А не нравится ему одно: водяные валы, затоны, озера с лотосами, старинные казачьи ерики...
Пыля задумался. Облокотился двумя руками о стол.
Ветер подул, газетные журавлики взлетели, унеслись.
Журавликов он вырезает быстро, ловко. Только одно это в жизни ему, кажется, и удаётся.
Но журавлики исчезают, а он, Сухолюб, наслаждаясь воспоминаниями о диких безводных степных грозах, уже бежит на базар, высматривать очередную молодуху или разведенку.

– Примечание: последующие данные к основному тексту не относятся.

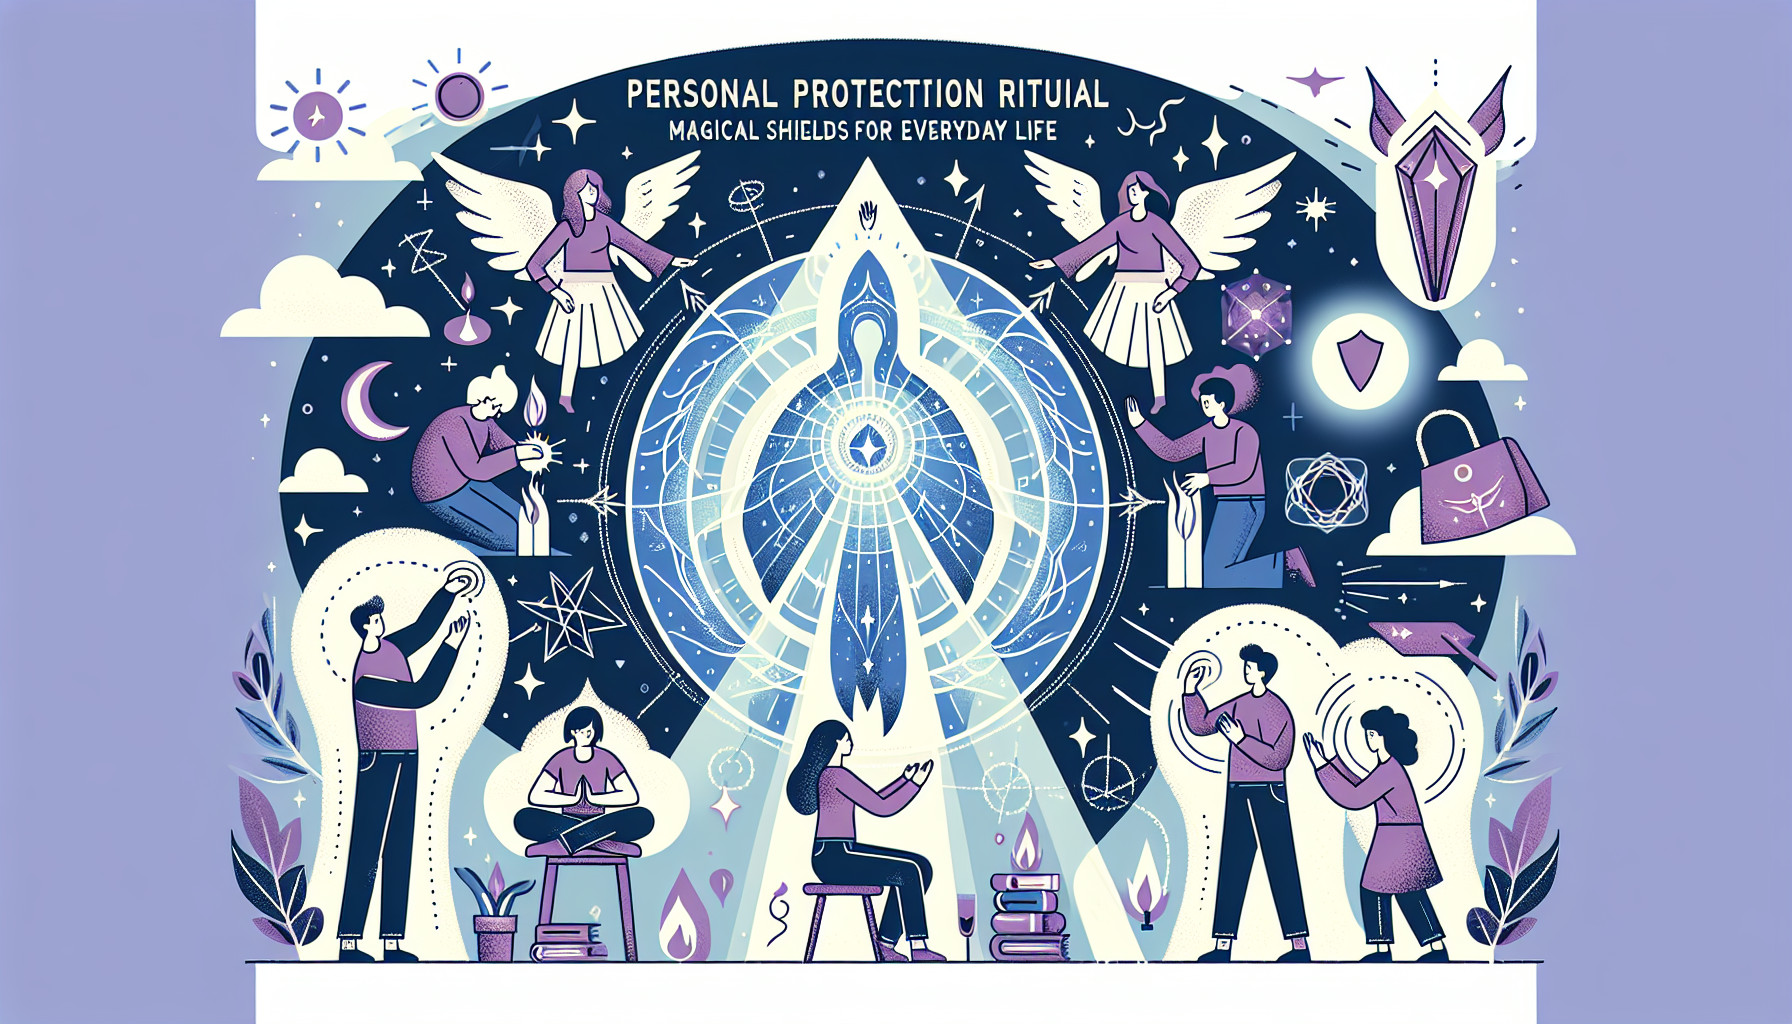 Rituales De Protección Personal: Escudos Mágicos Para La Vida Cotidiana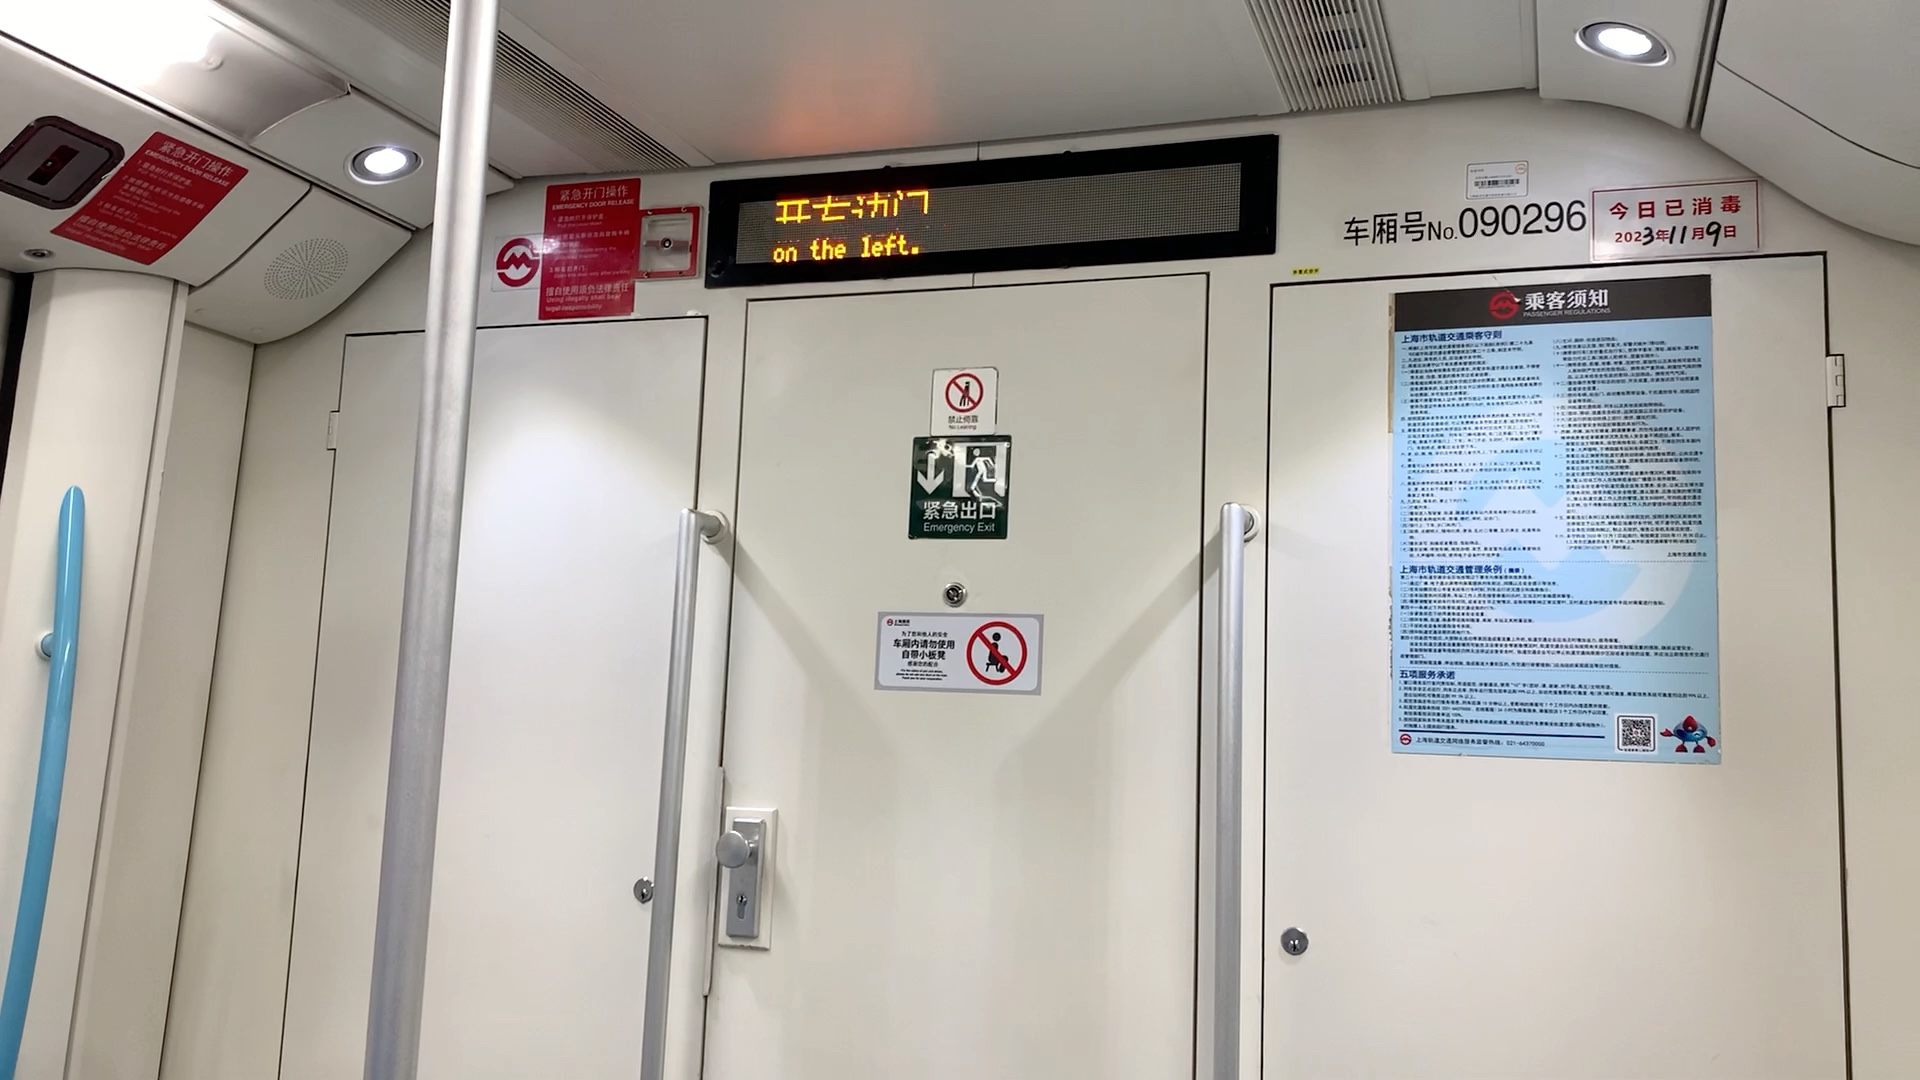 上海地铁九号线坂田929完成杨高中路后进行折返,终点站佘山

Бежит, чтобы тихо визжать и чтобы вдувать им горячим дыхом в уши: про Илью-Пророка, про его колесницу, про гремящее листовое железо. А потом, не приглашая домой, не делая никаких поглаживающих или, упаси Бог, срамных жестов, стращать и стращать этих молодух: великой сушью, шевелящимися в земле черно-красными, лопнувшими от боли и живущими отдельно от человека губами, Грибной Бабой, великим бесплодием, которое наступает и уж скоро наступит на земле. Еще – напрасностью бытия, дымом без огня, черным старинным порохом без дыма...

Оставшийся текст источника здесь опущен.